French Cup Finalist -99

French Cup Finals MVP -99

French Pro B MVP -99

French ProA All-Import Players 2nd Team -00

Israeli Cup Final Four -03

All-Israeli League 2nd Team -03, 04

Israeli Premier League Semifinals -04

Israeli League All-Imports 1st Team -04

FIBA Europe Cup North Conference Finalist -05

FIBA Europe Cup Finalist -05

FIBA Europe Cup Final Four All-Star Team -05

FIBA EuroCup All-Star Game -06 (3-Points Contest Winner)

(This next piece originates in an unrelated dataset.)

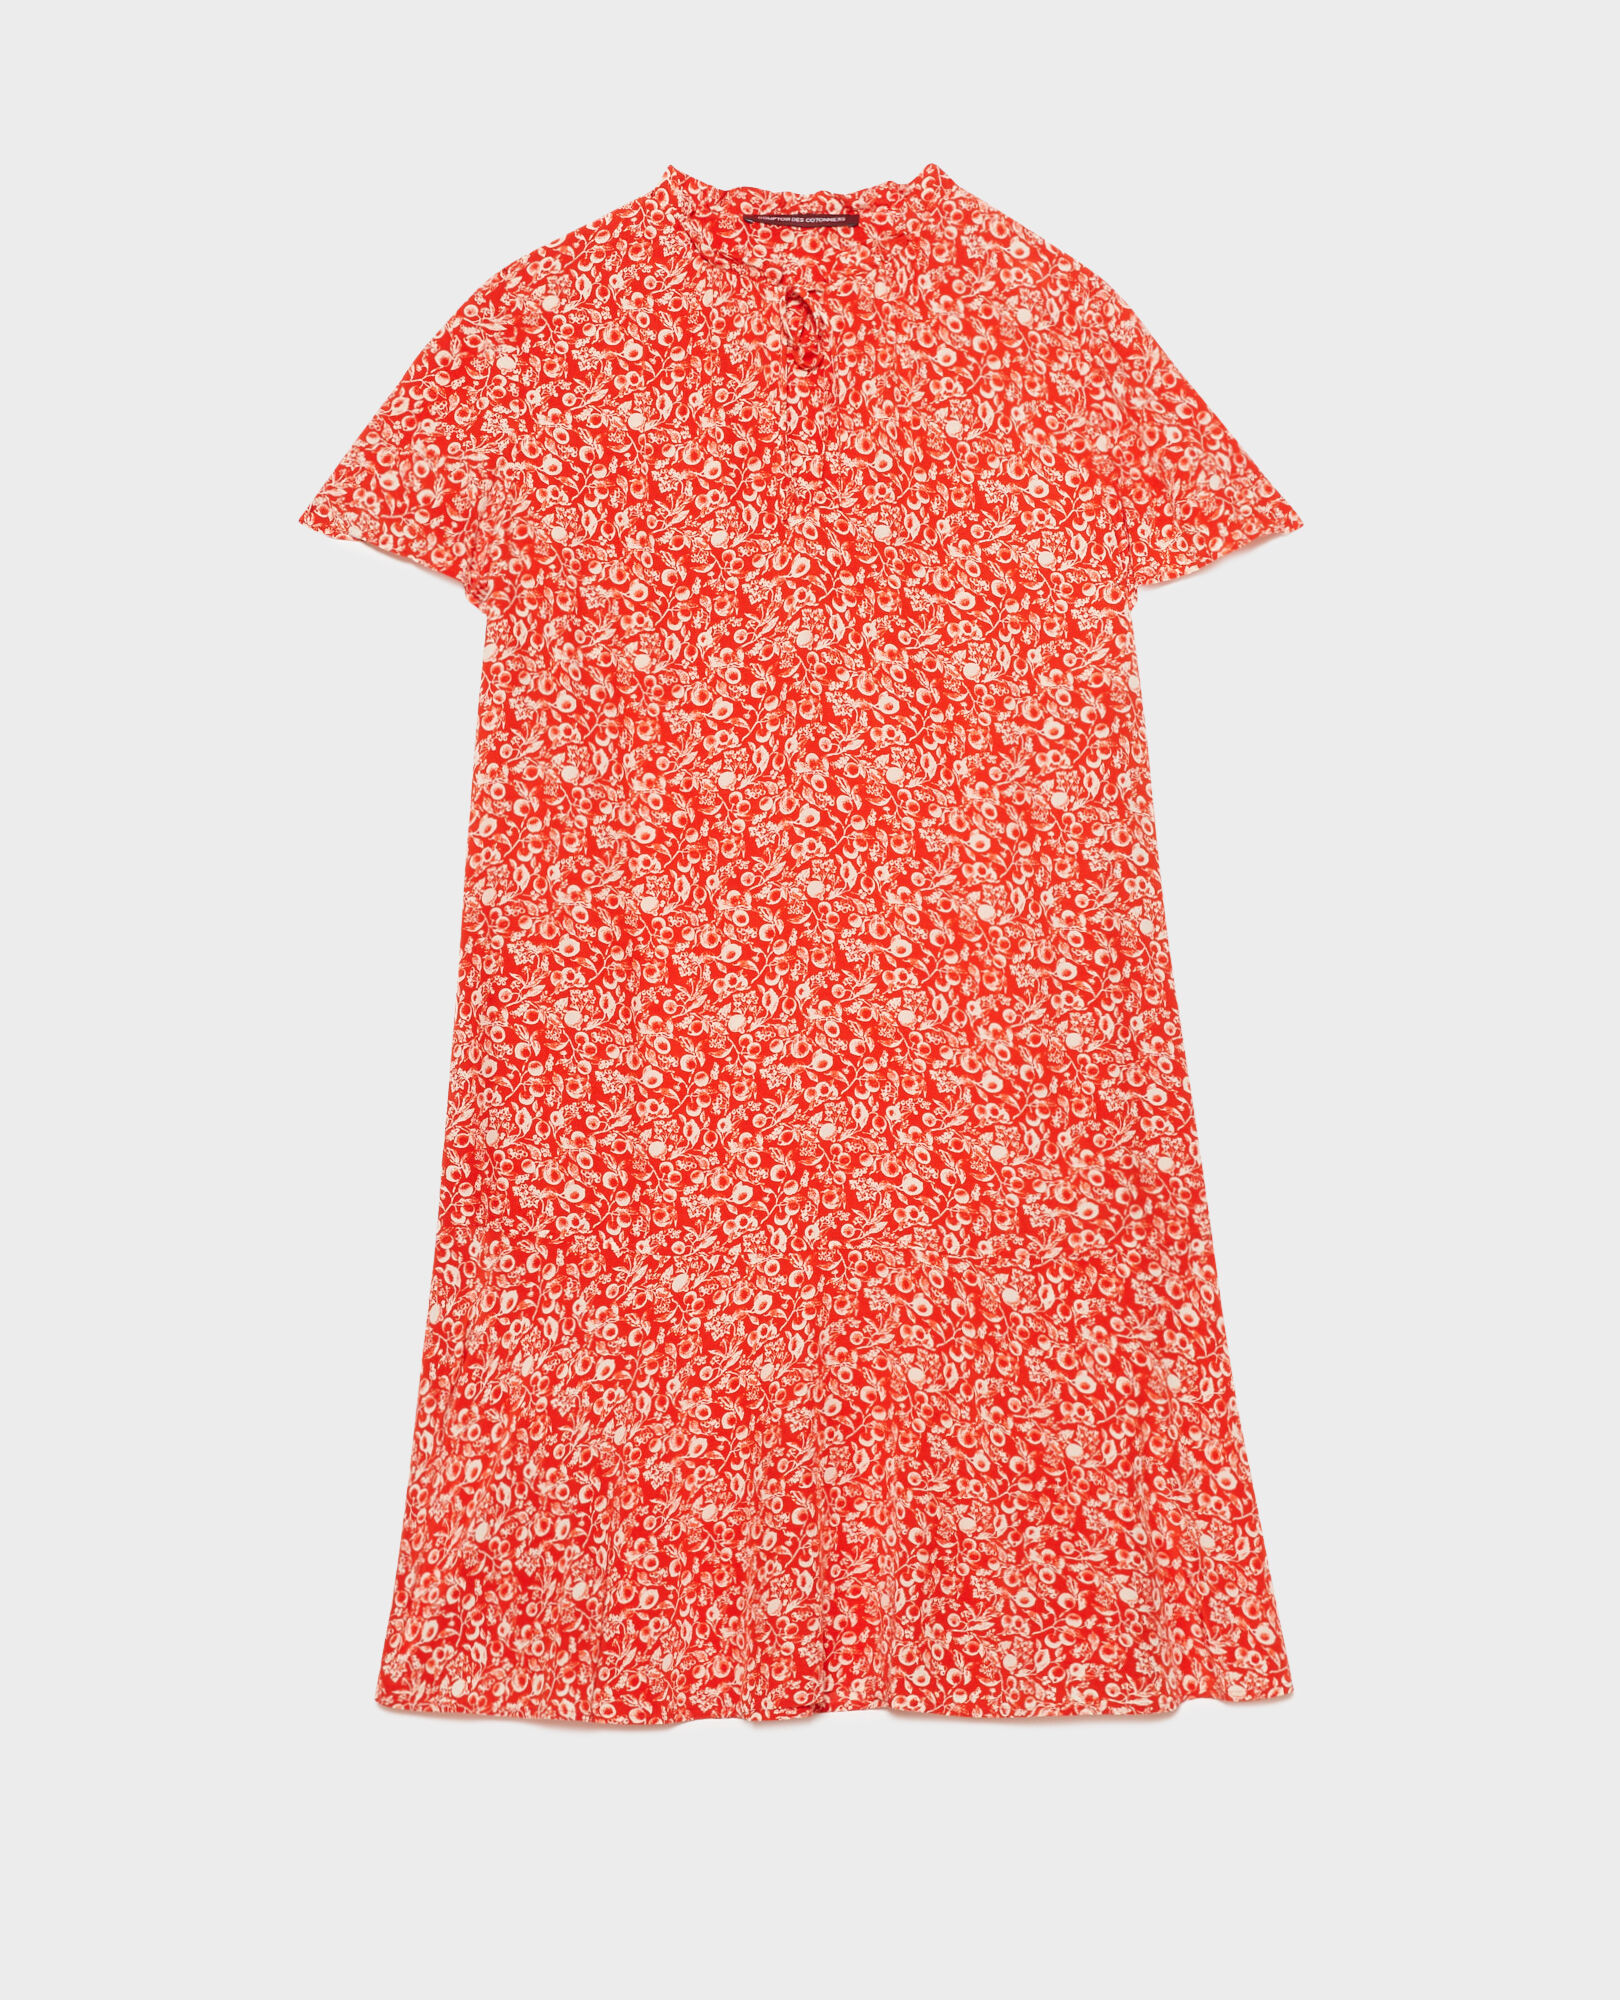 Mini dress 101 print red 2sdr255v02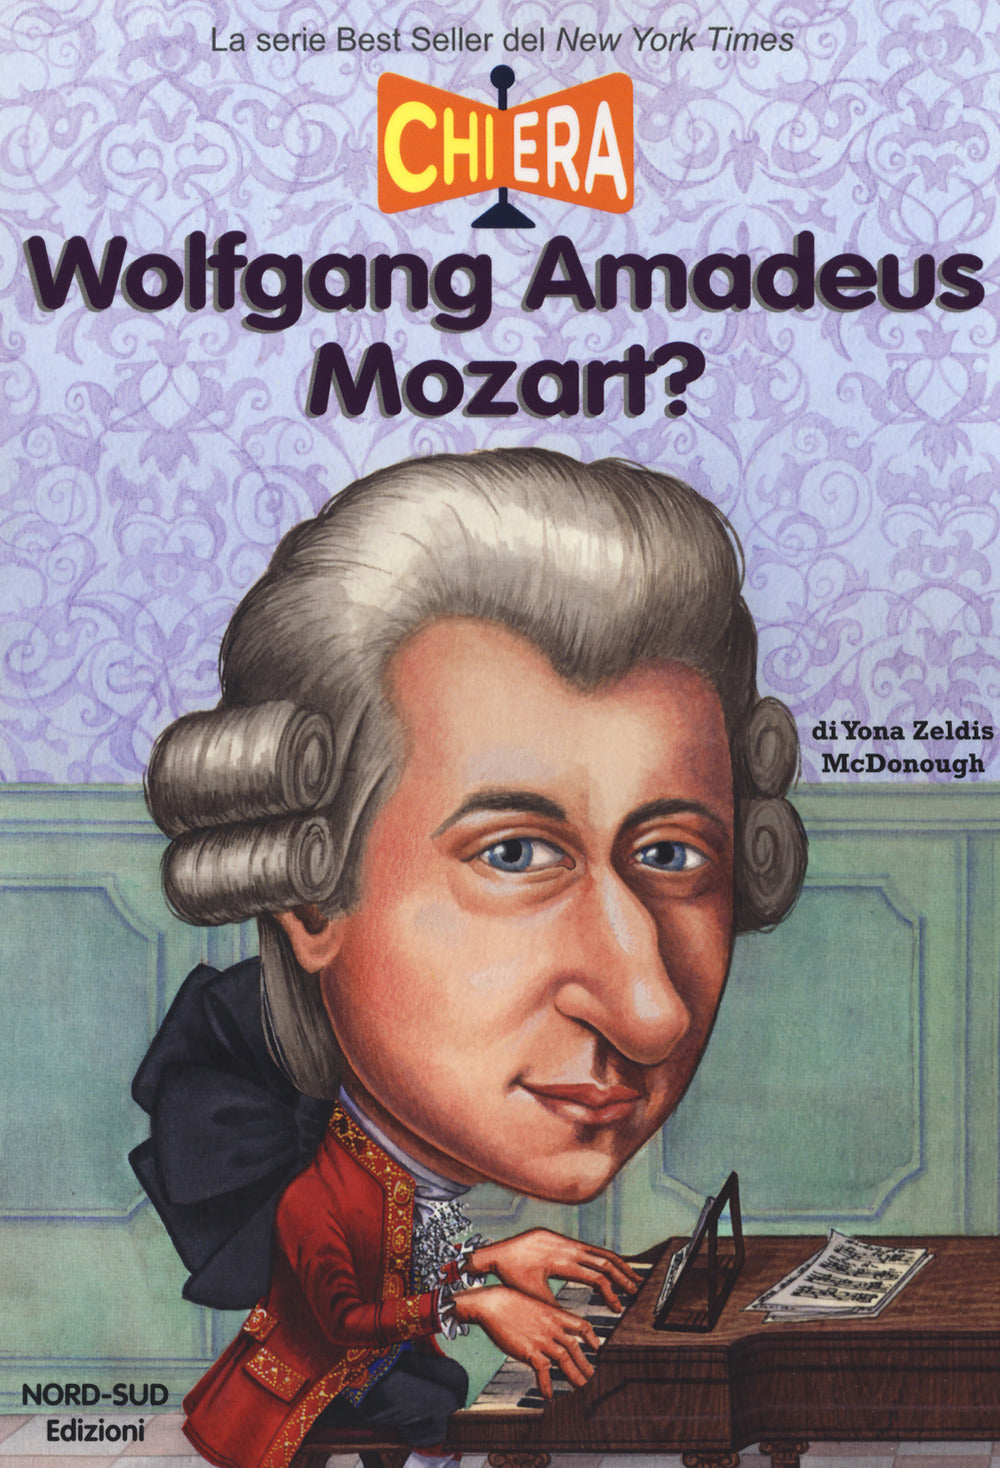 Chi era Wolfgang Amadeus Mozart?.

Turkish Cup Semifinals -06

ULEB Cup Semifinals -07

Russian Cup Finalist -07

Russian A Superleague Regular Season Runner-Up -07

Russian A Superleague Finalist -07

Russian A Superleague All-Newcomers Team -07

Greek League Semifinals -08, 09

All-Greek League Forward of the Year -08

All-Greek League 1st Team -08

Greek A1 League All-Imports Team -08

Greek Cup Semifinals -09

All-Greek A1 League Forward of the Year -09

All-Greek A1 League 1st Team -09

Greek A1 League All-Imports Team -09

Adriatic League Semifinals -10

Korean KBL Regular Season Runner-Up -11

Korean KBL Semifinals -11

All-Korean KBL Forward of the Year -11

All-Korean KBL 1st Team -11

Korean KBL All-Domestic Players Team -11

==Personal life==
Moon earned his South Korean citizenship in 2011 alongside his brother, Moon Tae-young (born Greg Stevenson), who was also a professional basketball player. The Moon brothers were born to their Korean mother and African American father. His son, Jarin Stevenson, played for him at Seaforth High School before earning a basketball scholarship to the University of Alabama.